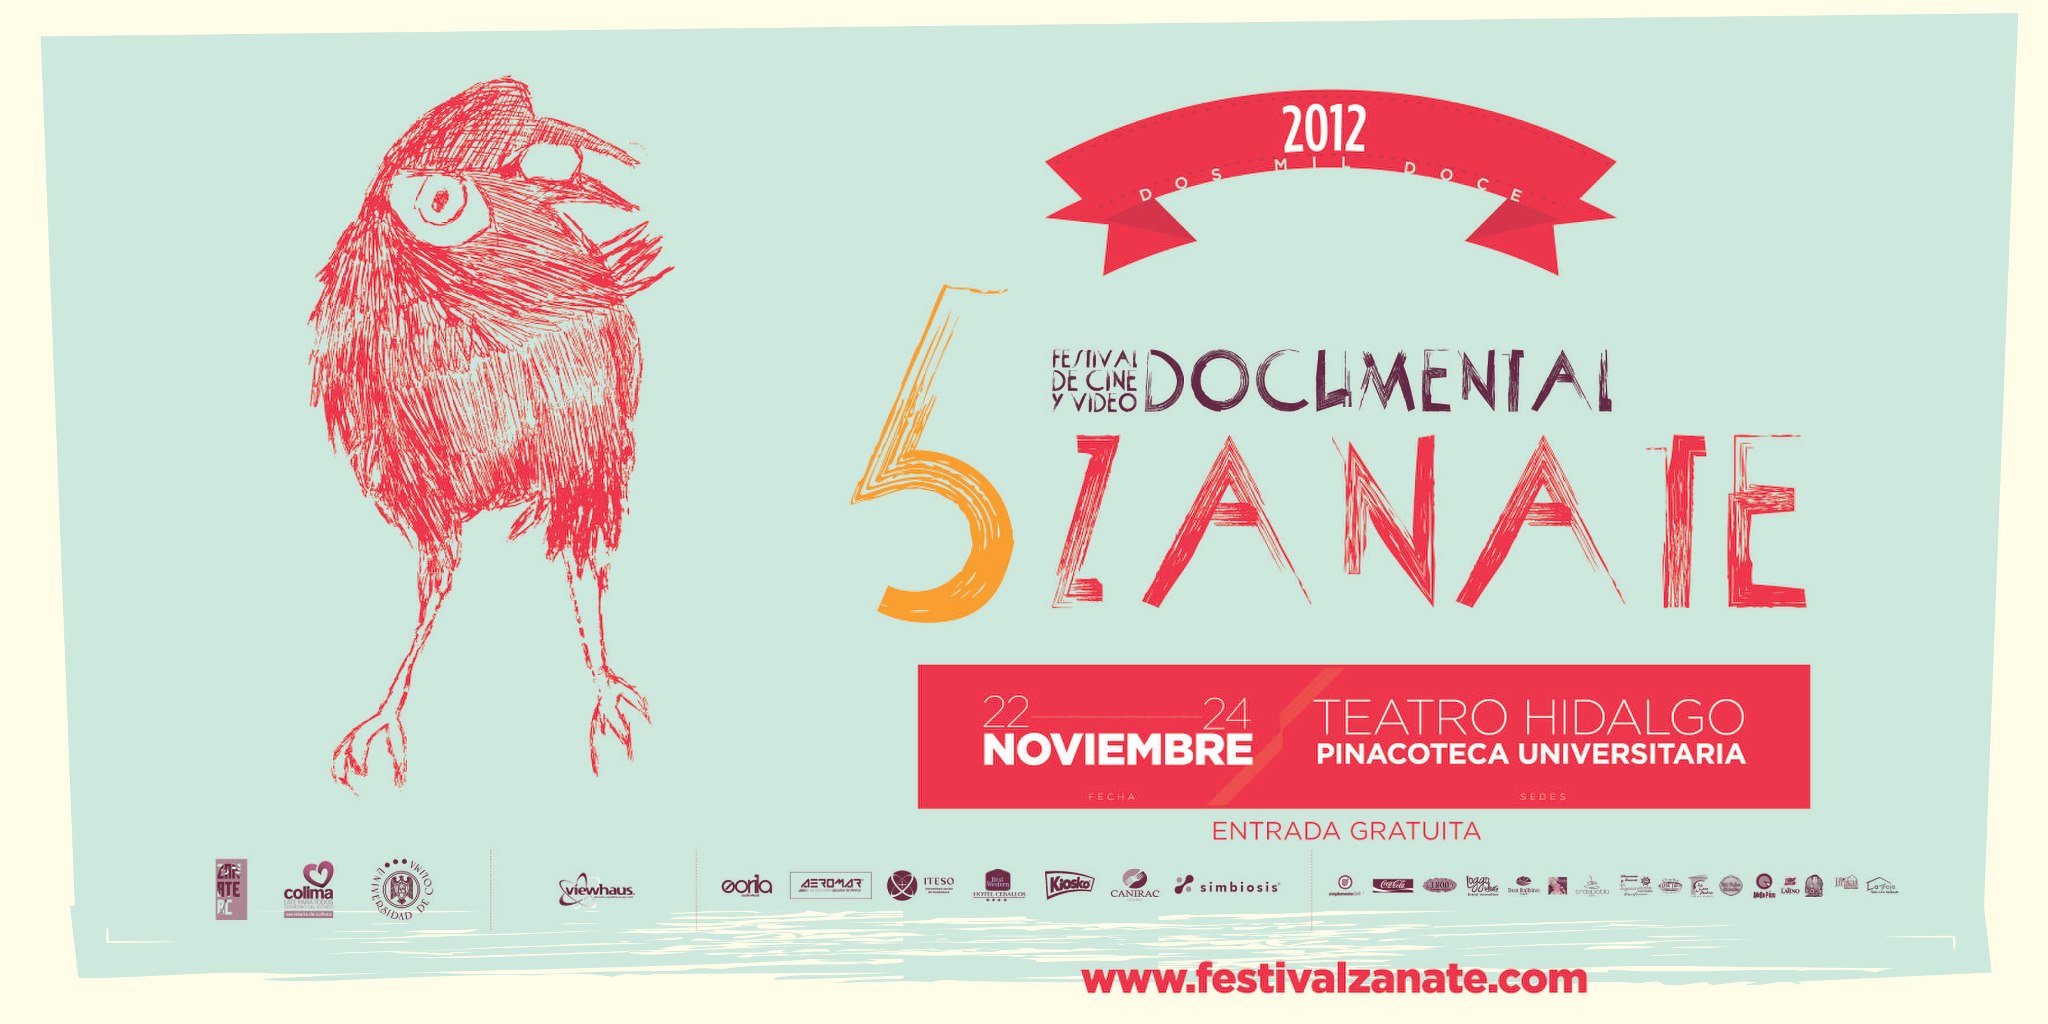 Hoy inicia el 5to Festival de Cine Zanate
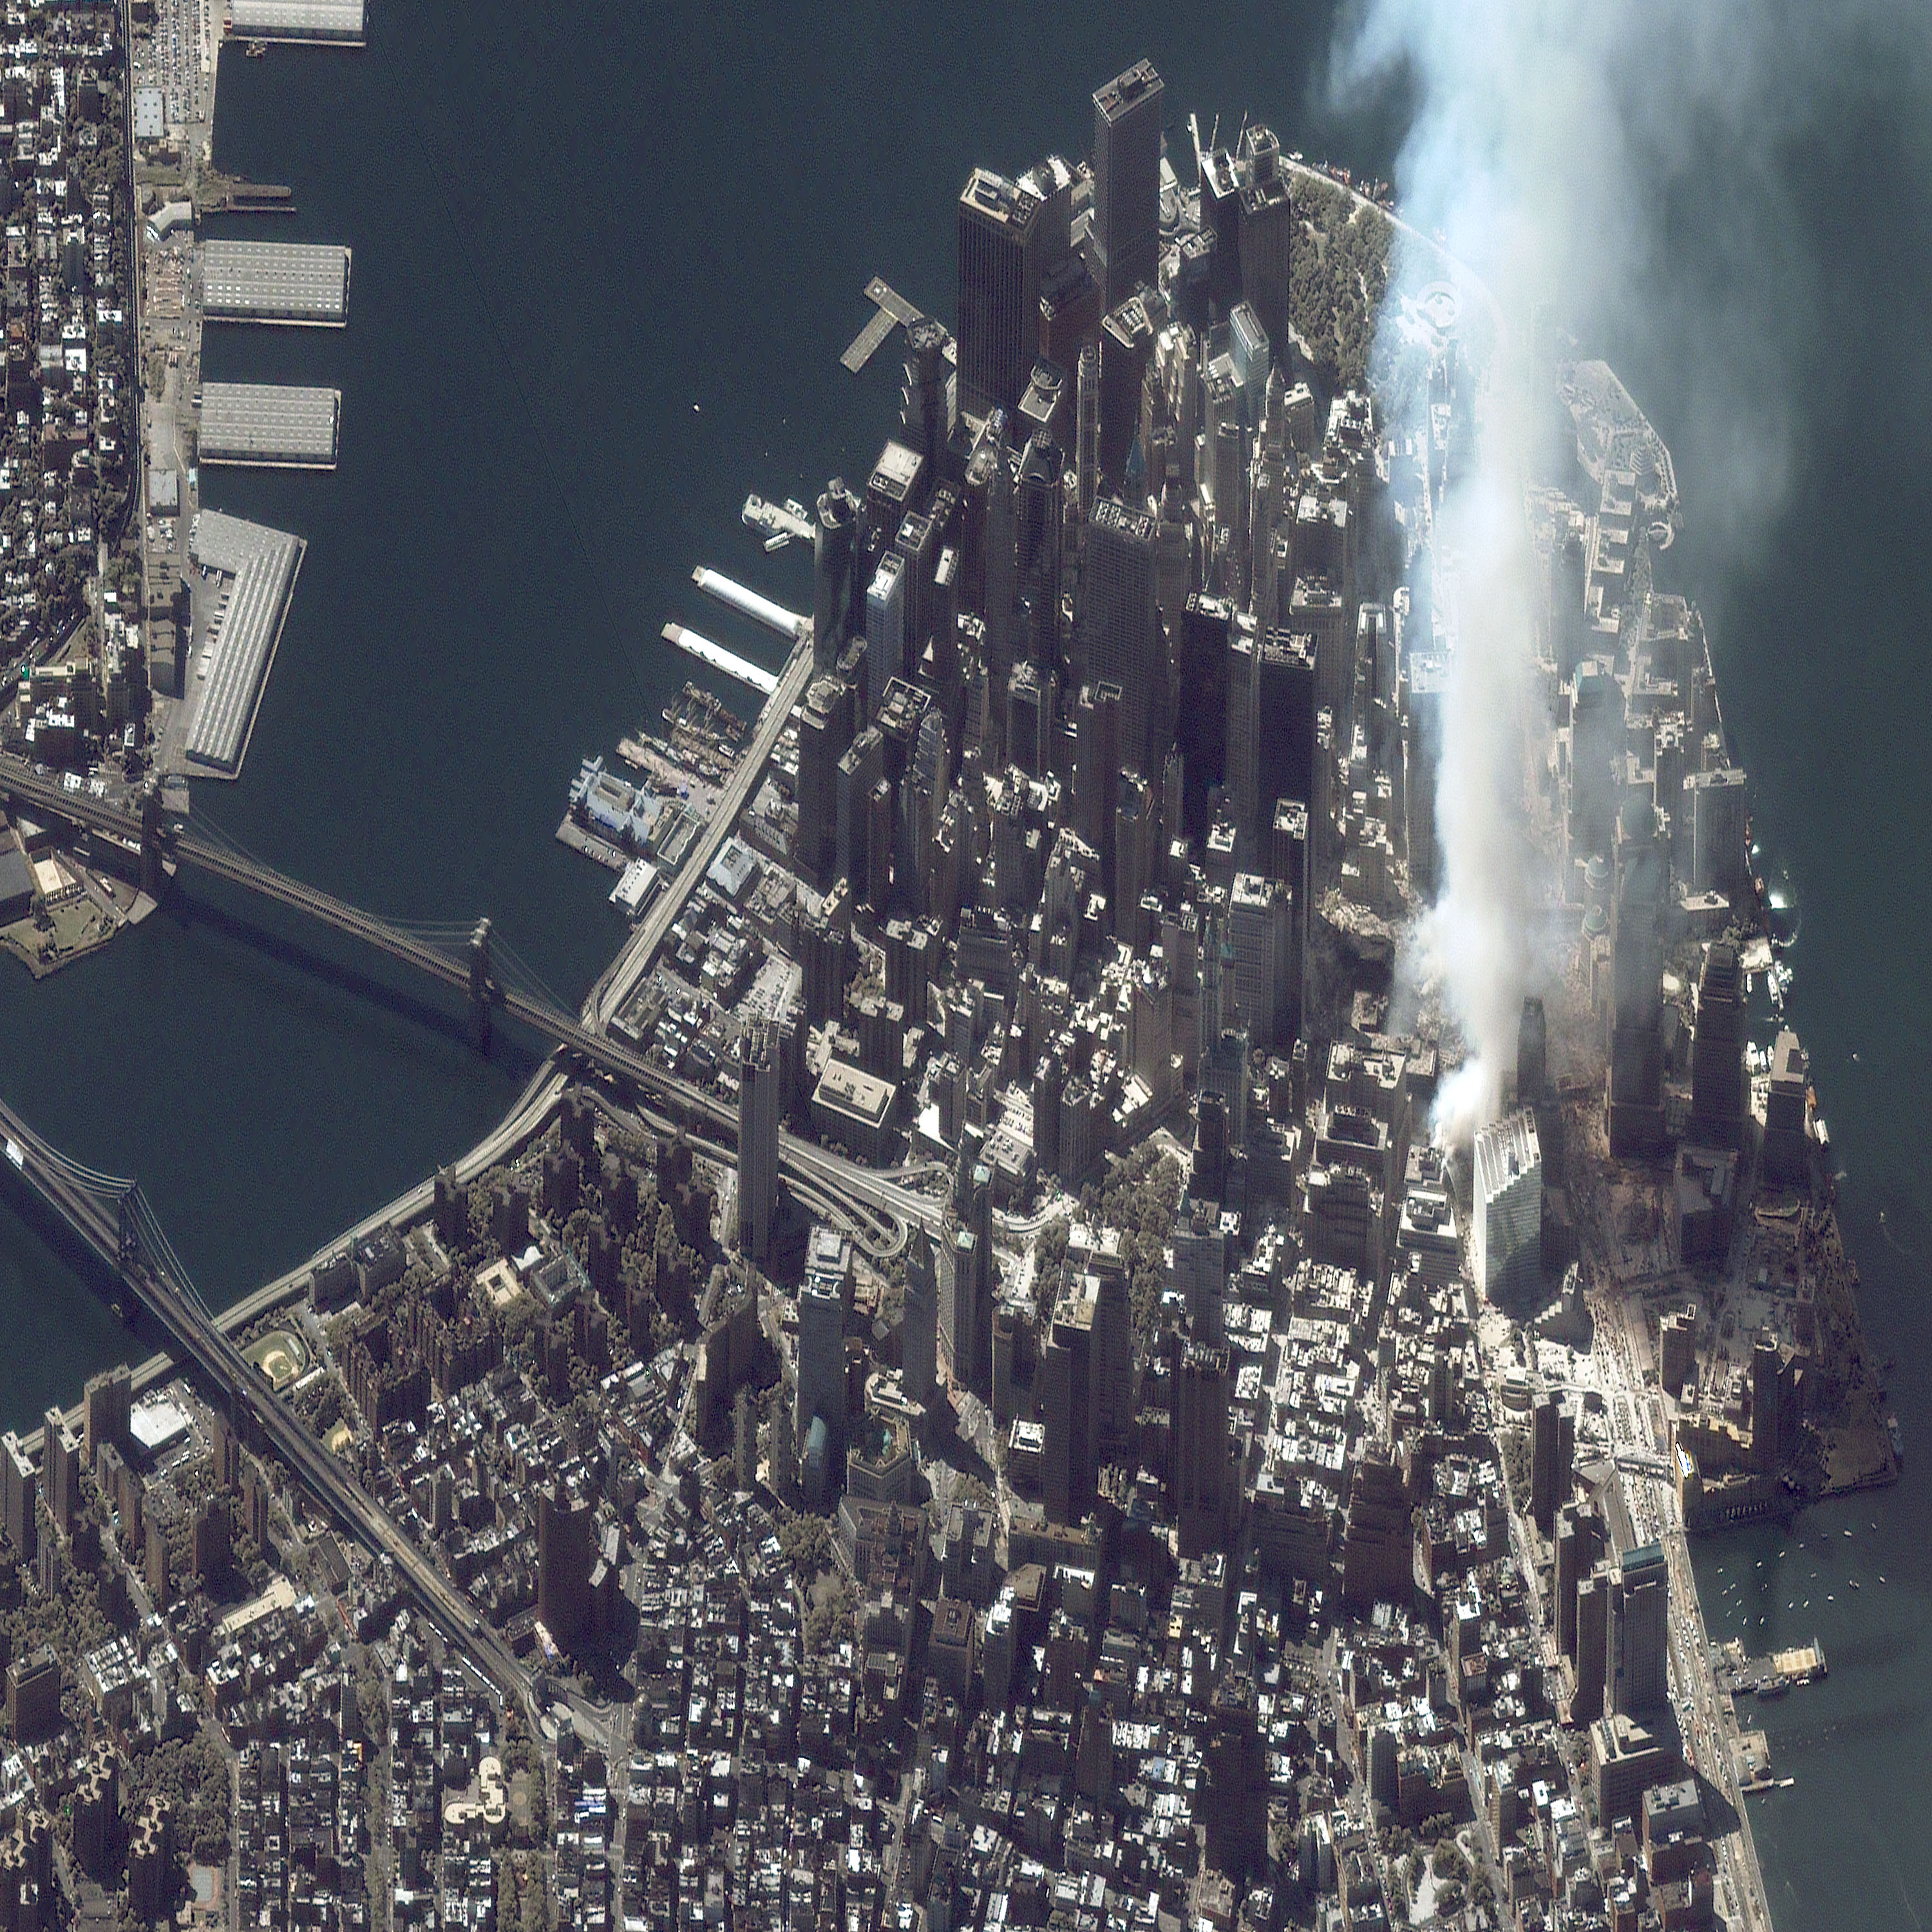 Фотография Манхэттана Нью Йорк, сделанная сразу после атаки террористов 11 сентября 2001 года.
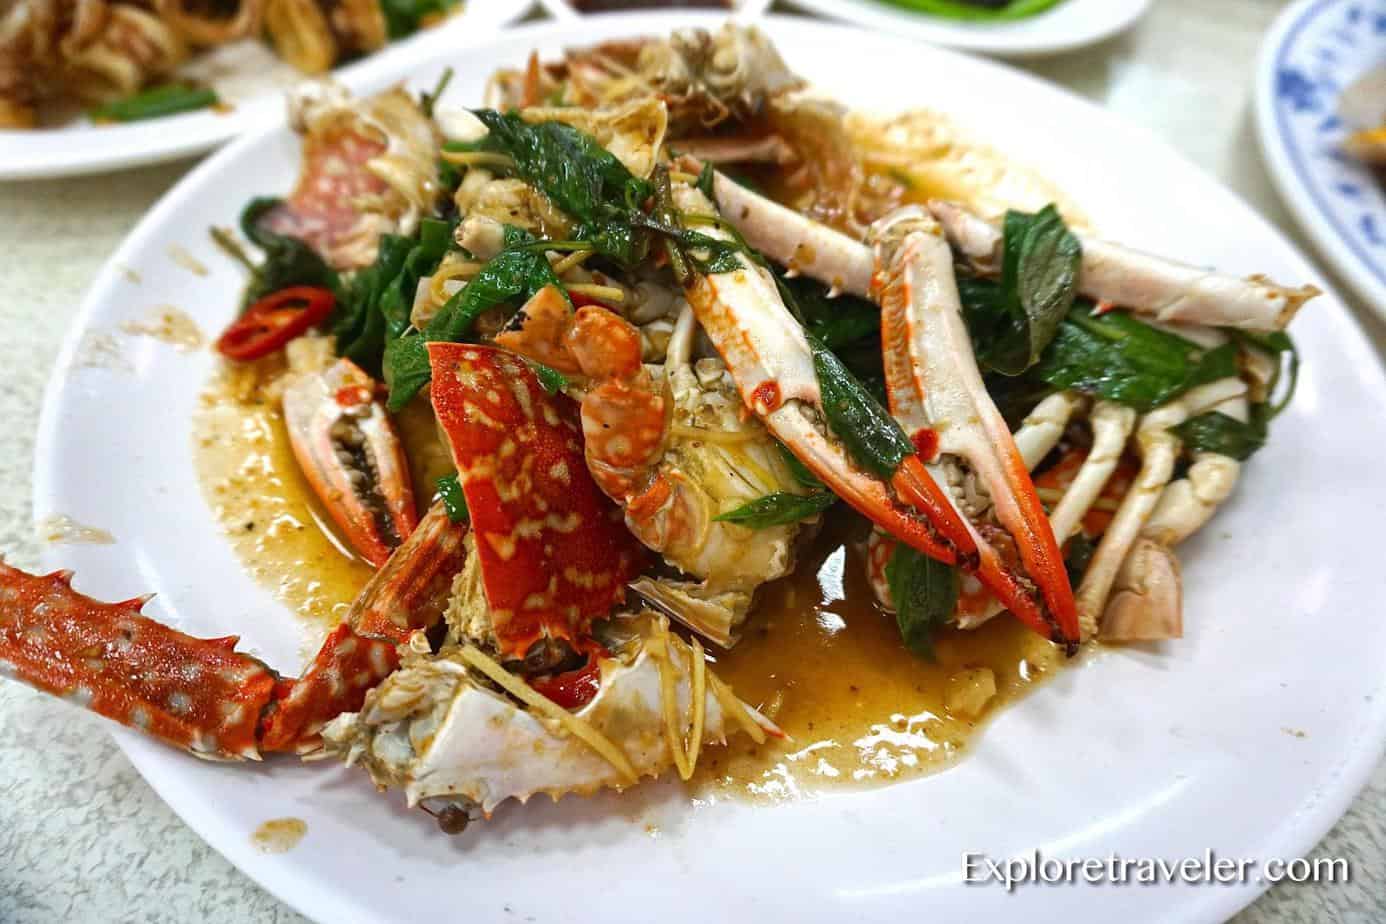 Chili crab sa Taiwan Hindi ka maaaring magkaroon ng sobra

- ABOUT THIS EXERCISE: Copy the material verbatim. The pictures are not part of the copy.

- RESULT FOR THIS EXERCISE:
 Hoy inicia el 5to Festival de Cine Zanate
 Фотография Манхэттана Нью Йорк, сделанная сразу после атаки террористов 11 сентября 2001 года.
 Chili crab sa Taiwan Hindi ka maaaring magkaroon ng sobra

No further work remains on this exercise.